Hannah Allam reports:
Fighting to save his family’s 40-year reign over Syria, President Bashar Assad on Monday described some anti-regime protesters as “saboteurs” and “germs,” but he pledged more reforms as the nationwide rebellion continued for a fourth bloody month.
Anti-government protesters in Syria and among more than 10,000 refugees in neighboring Turkey rejected Assad’s latest promises as vague and disingenuous, however, saying he offered no concrete steps or timetable to allow citizens a greater voice in one of the Arab world’s most repressive police states.
In Assad’s televised speech, his third since large-scale protests began in mid-March, the embattled leader struck a slightly more conciliatory tone, acknowledging the rising death toll in his regime’s crackdown. He announced a 100-member panel to draft reforms related to parliamentary election law and press freedoms.
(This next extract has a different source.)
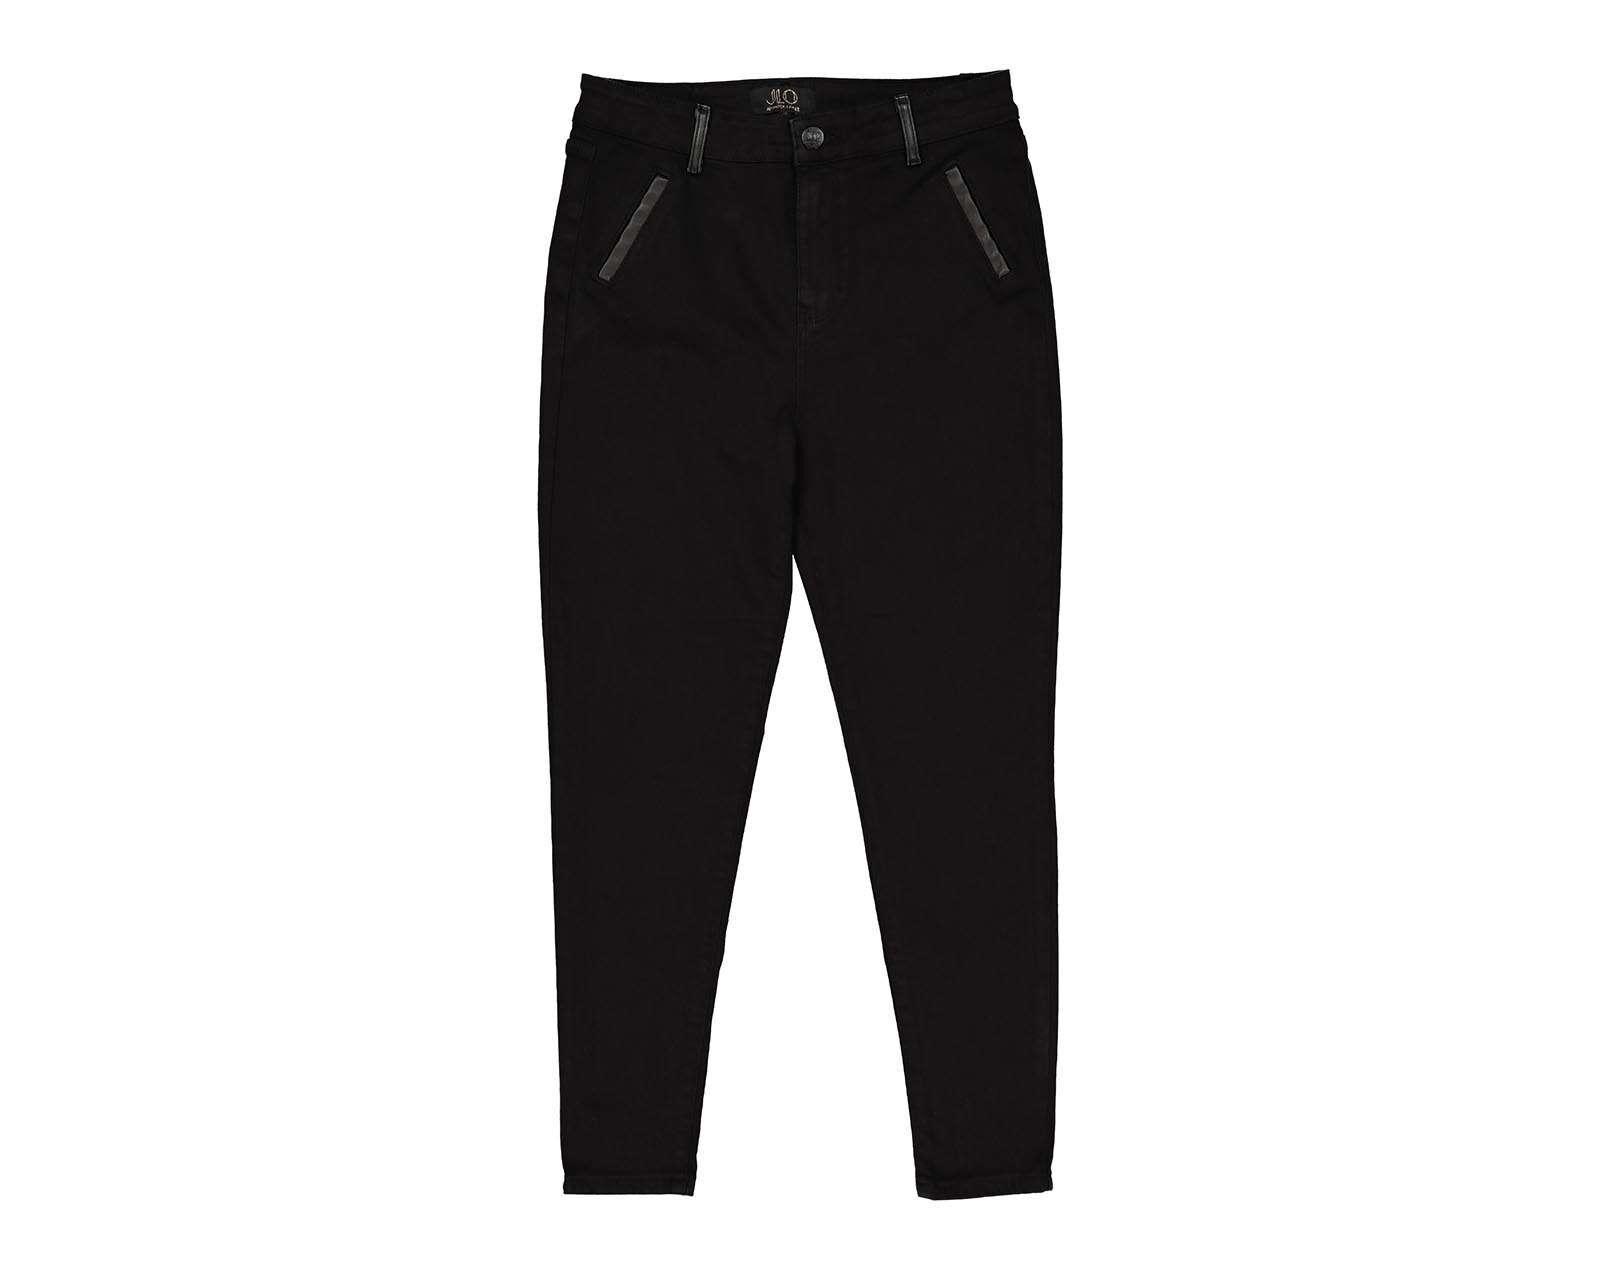 Foto 1|Jeans Jennifer Lopez Skinny
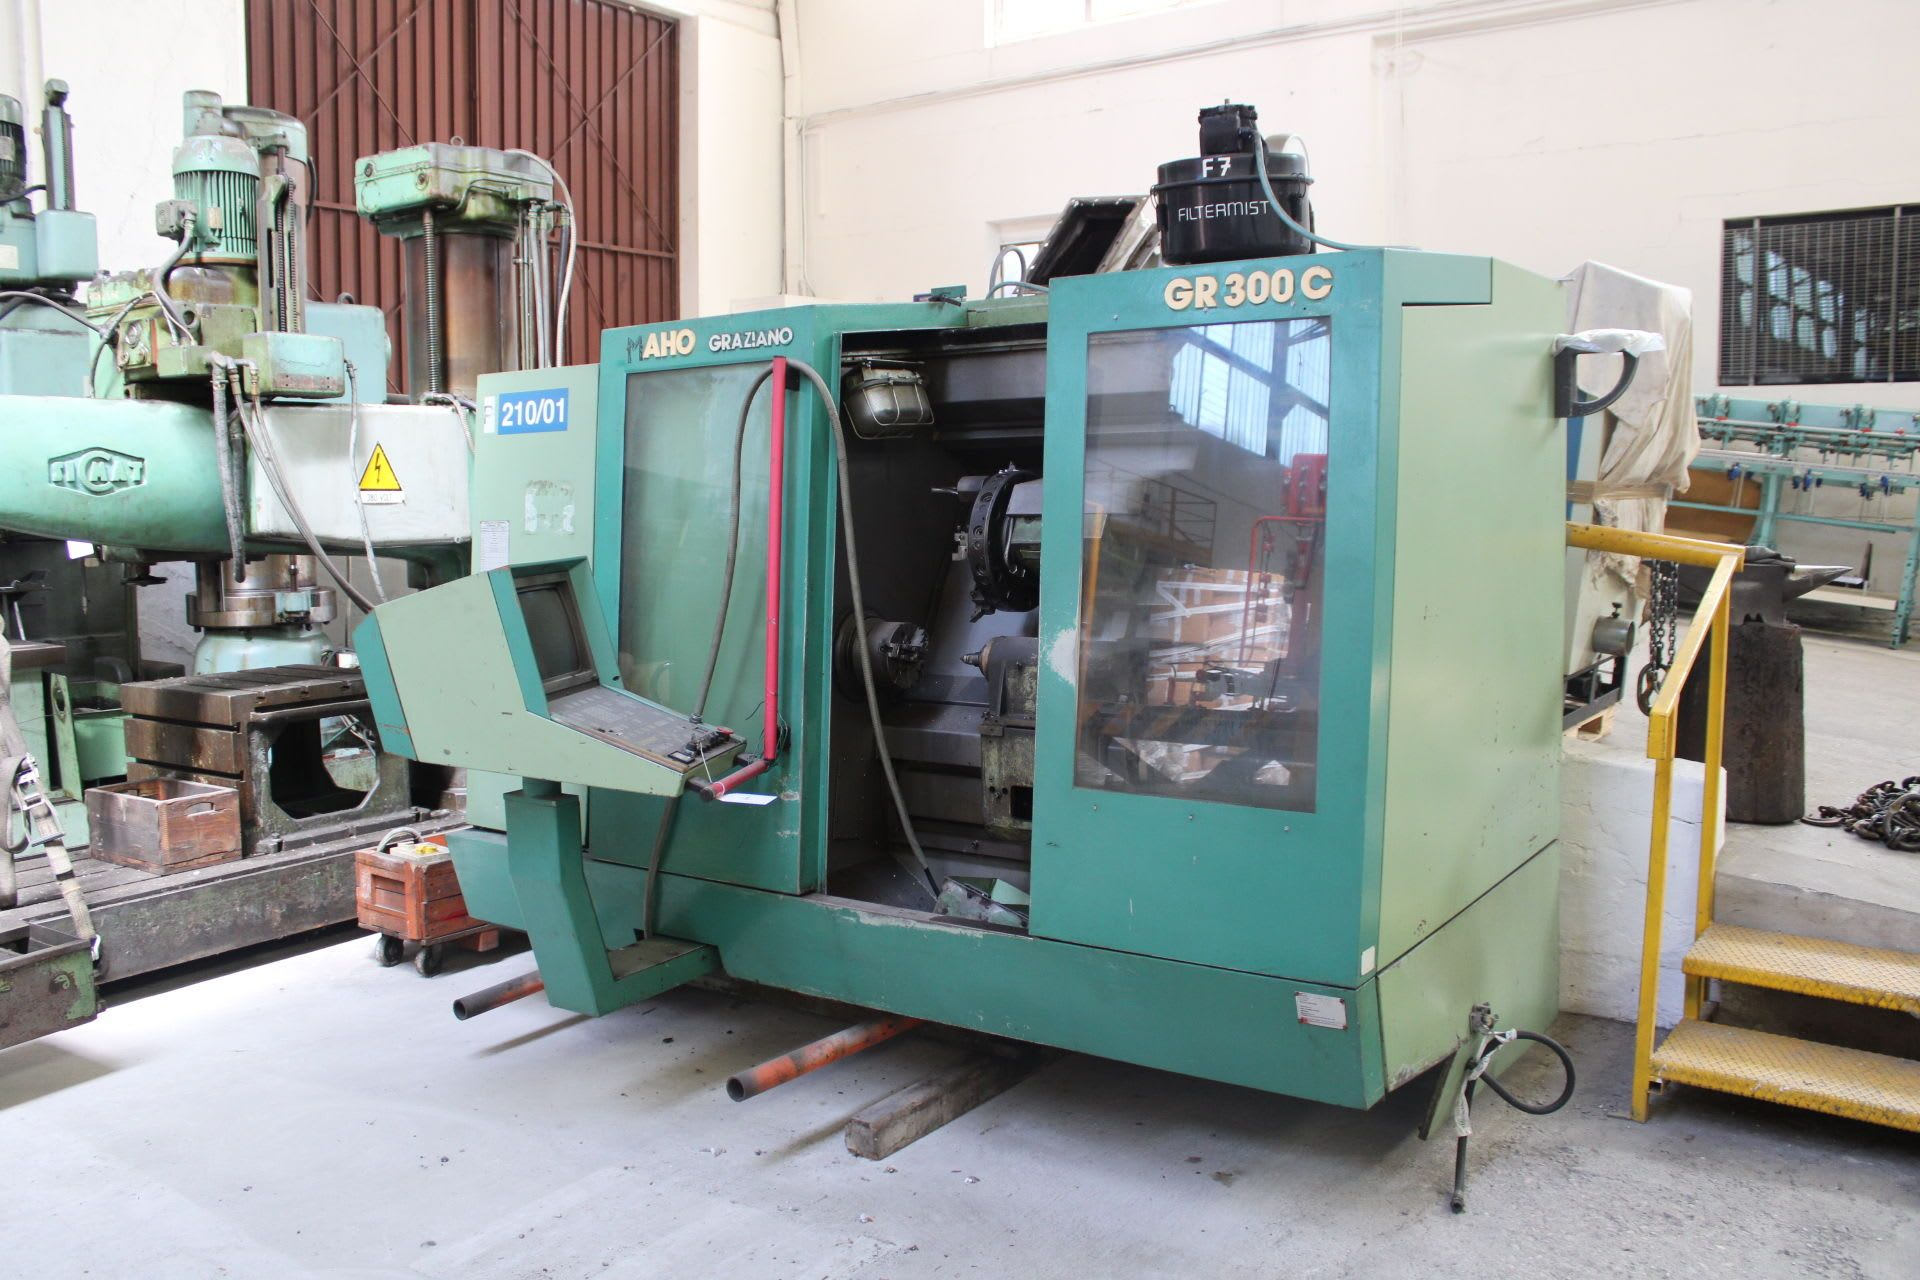 GRAZIANO GR300C CNC-Drehmaschine

Assad also suggested that he’d prosecute those responsible for the bloodshed and would support drafting a new constitution that could challenge his Baath Party’s monopoly on political life. Opposition activists long have demanded rival political parties.
“We must isolate true reformers from saboteurs,” Assad said, speaking from an auditorium at Damascus University, where an audience of supporters clapped and cheered.
Protesters weren’t appeased, reiterating their demand that the fall of the Assad dynasty is the only acceptable resolution to the crisis, although there’s no obvious successor in a country whose opposition has been intimidated and exiled for decades.